═══ DATA SHOWN

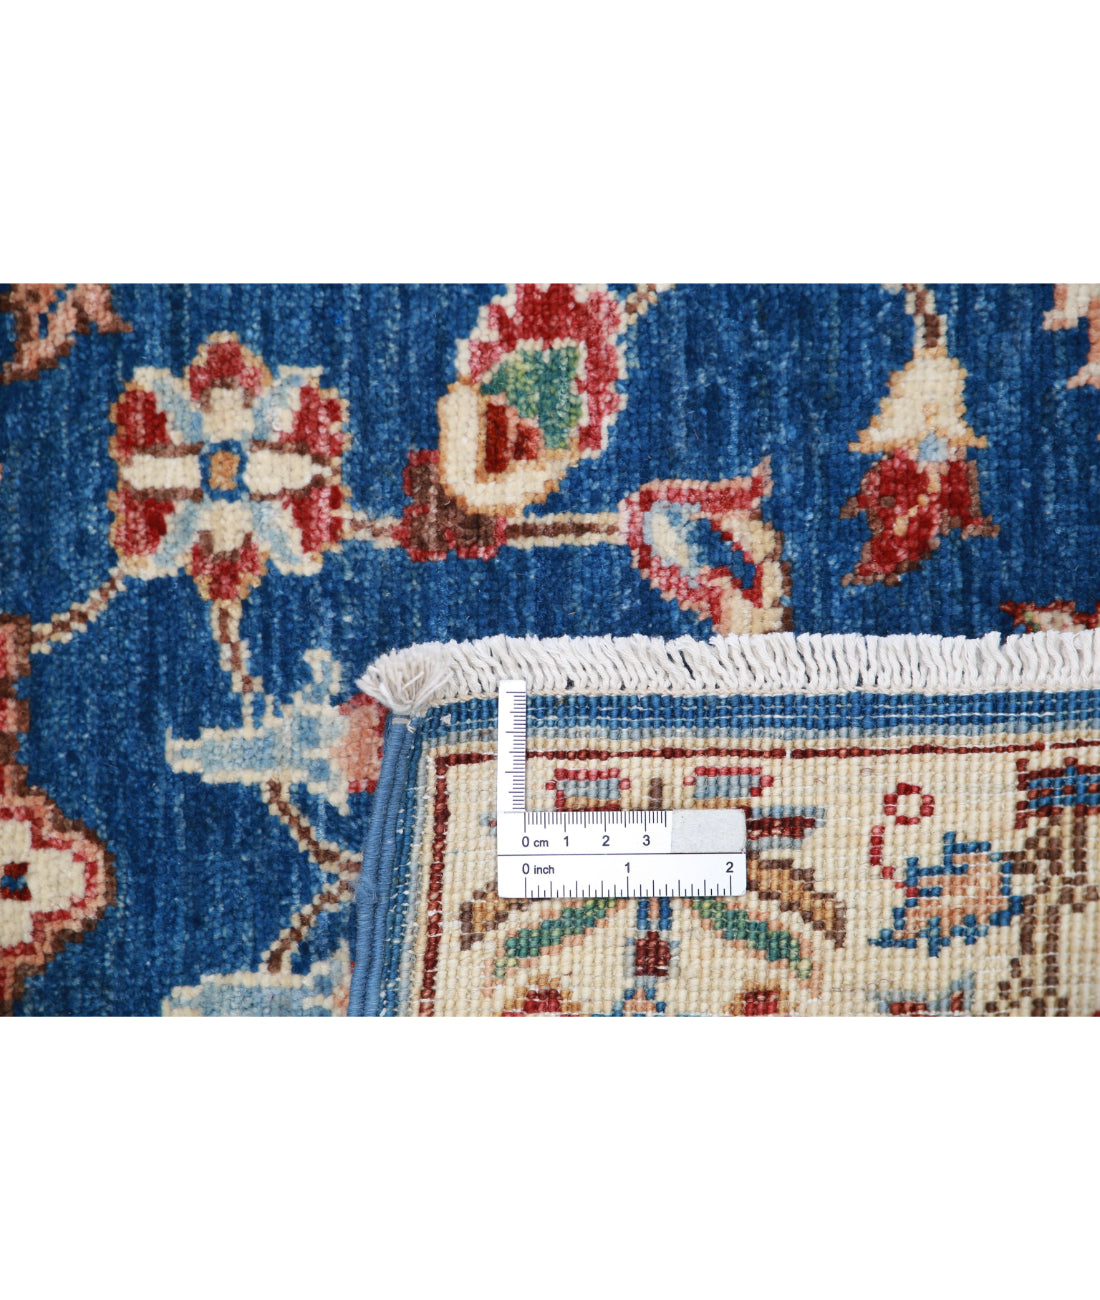 Ziegler 2'7'' X 3'10'' Hand-Knotted Wool Rug 2'7'' x 3'10'' (78 X 115) / Blue / Ivory
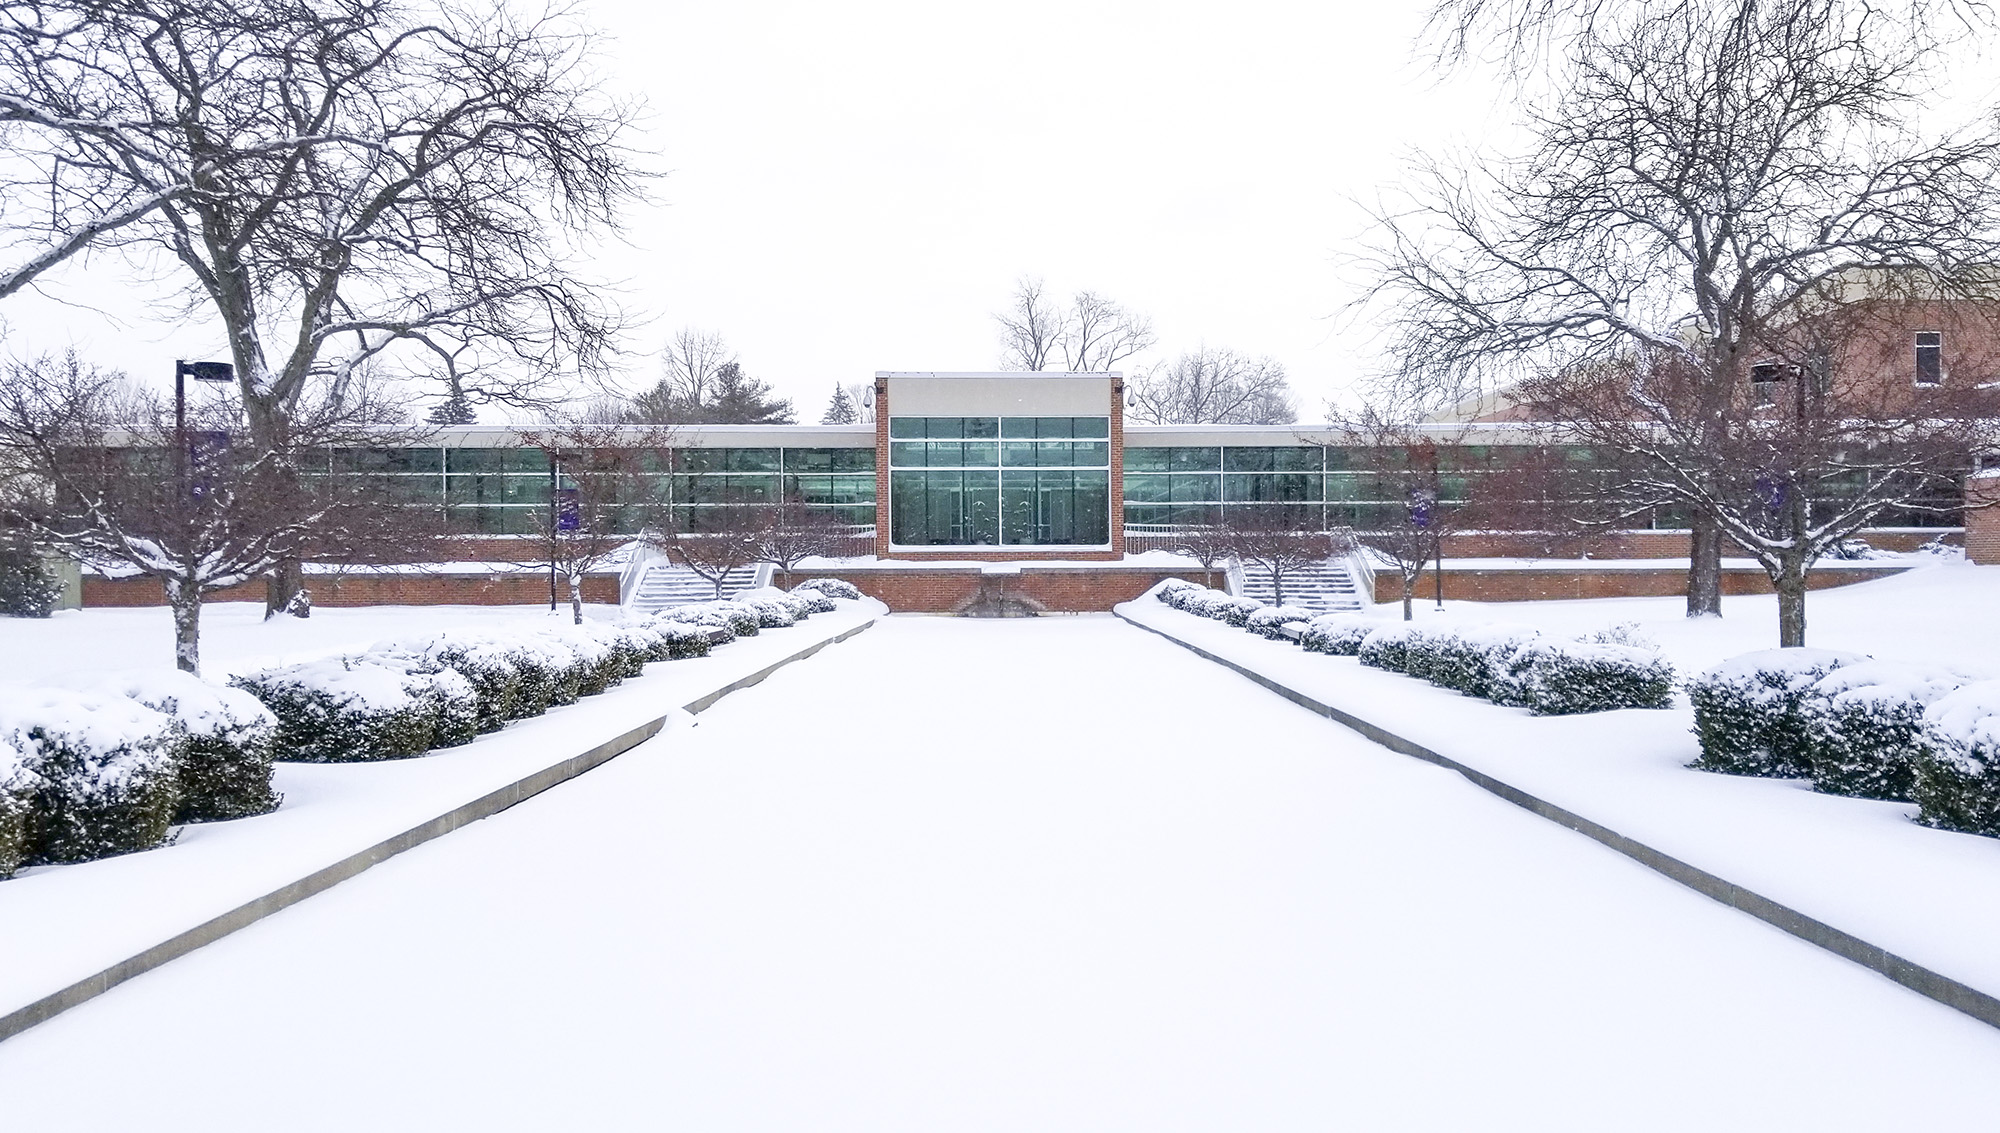 An exterior view of the main entrance to KCC's North Avenue campus in Battle Creek, covered in snow.
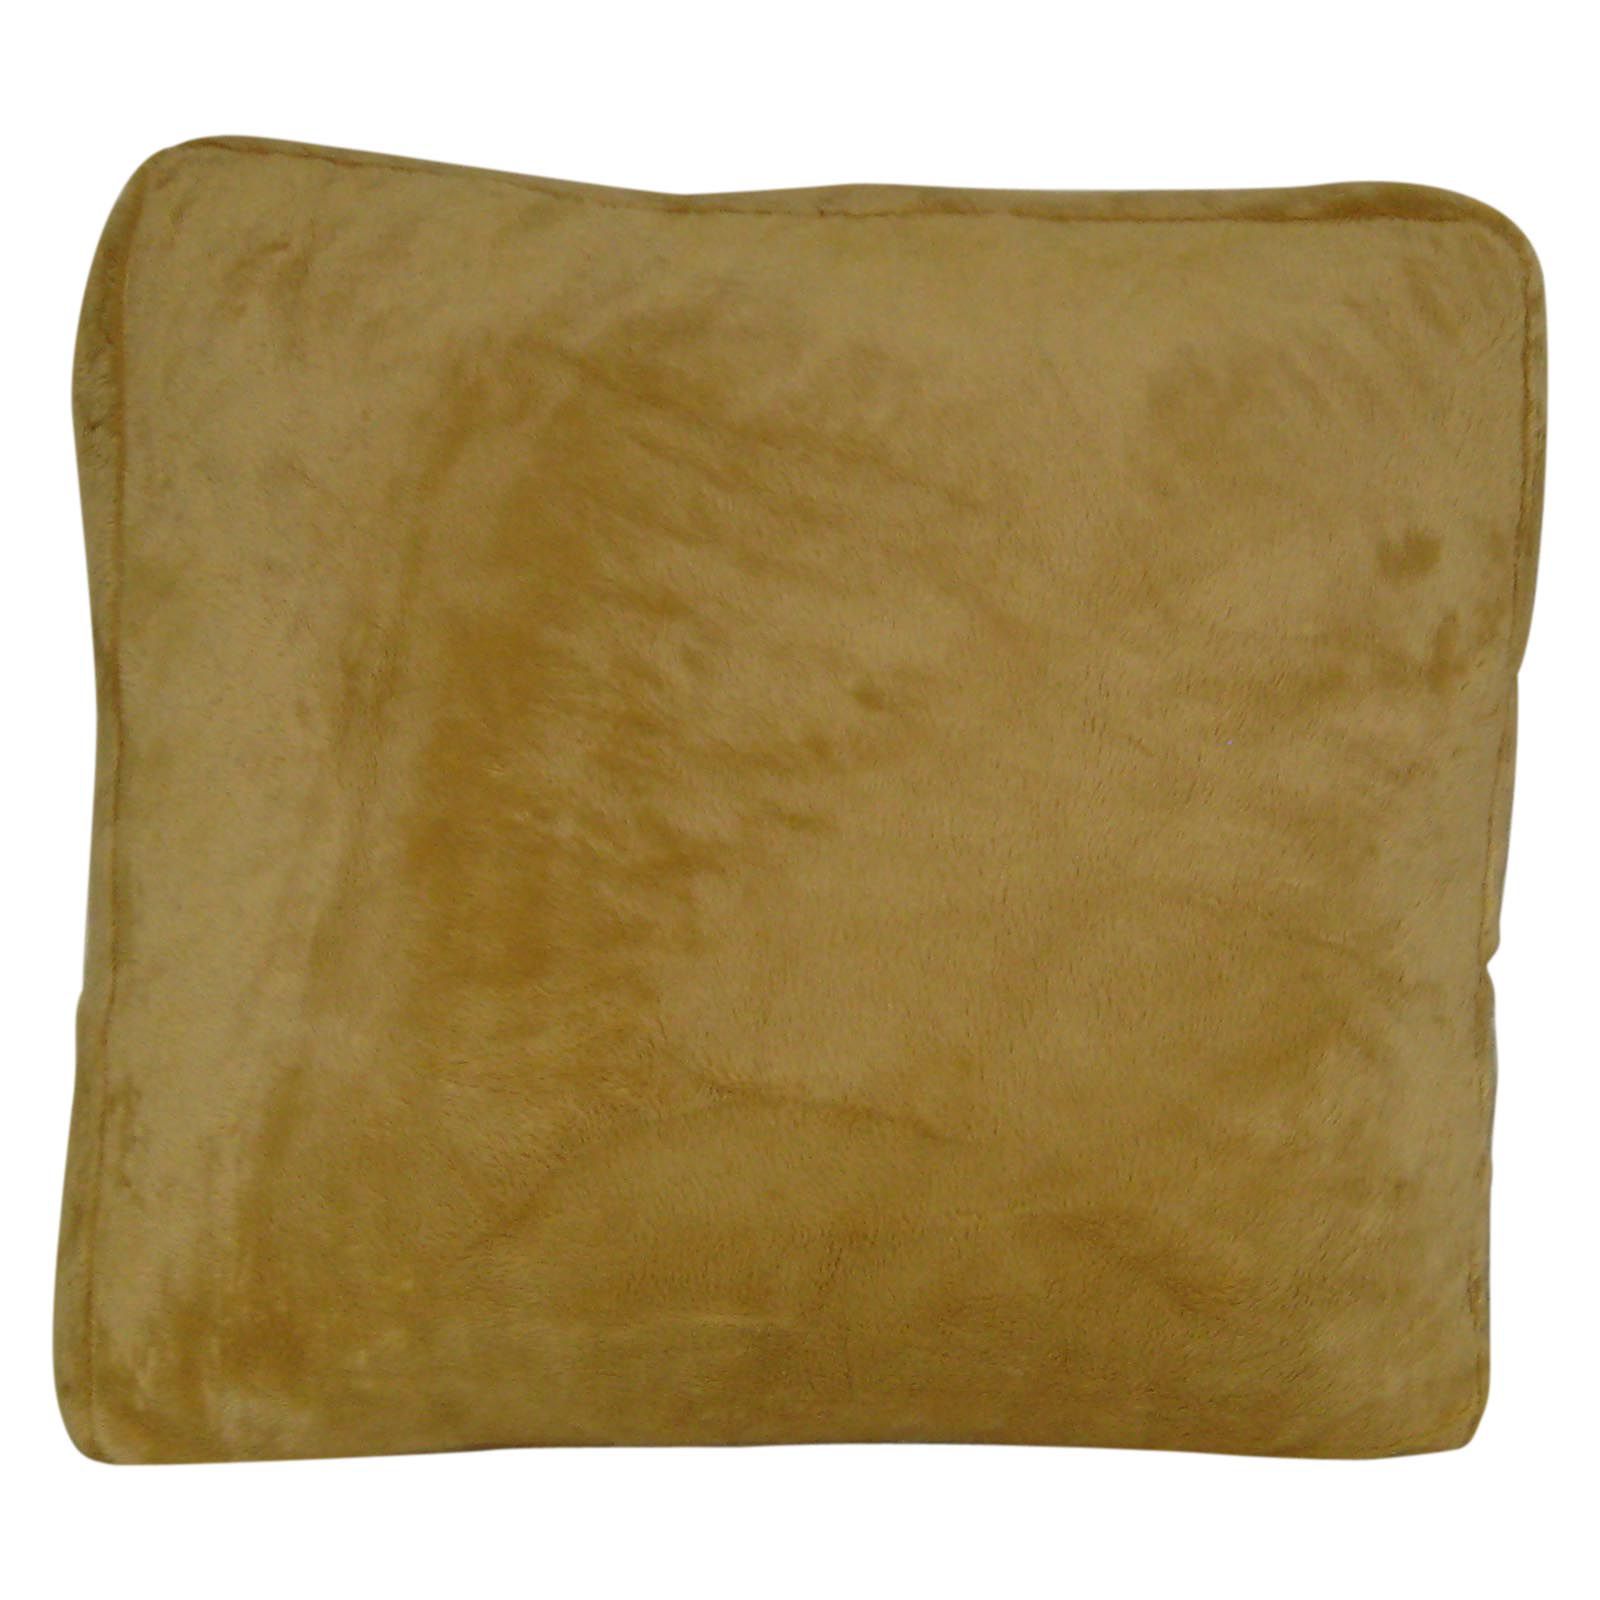 Whole Home 17 in. x 17  in. x 7 in. Decorative Plush Pillow - Gold

══════

■ **WHAT YOU NEED TO DO**
Return all the data exactly, pictures omitted.

■ **WRITTEN SOLUTION**
 Ziegler 2'7'' X 3'10'' Hand-Knotted Wool Rug 2'7'' x 3'10'' (78 X 115) / Blue / Ivory
 An exterior view of the main entrance to KCC's North Avenue campus in Battle Creek, covered in snow.
 Whole Home 17 in. x 17  in. x 7 in. Decorative Plush Pillow - Gold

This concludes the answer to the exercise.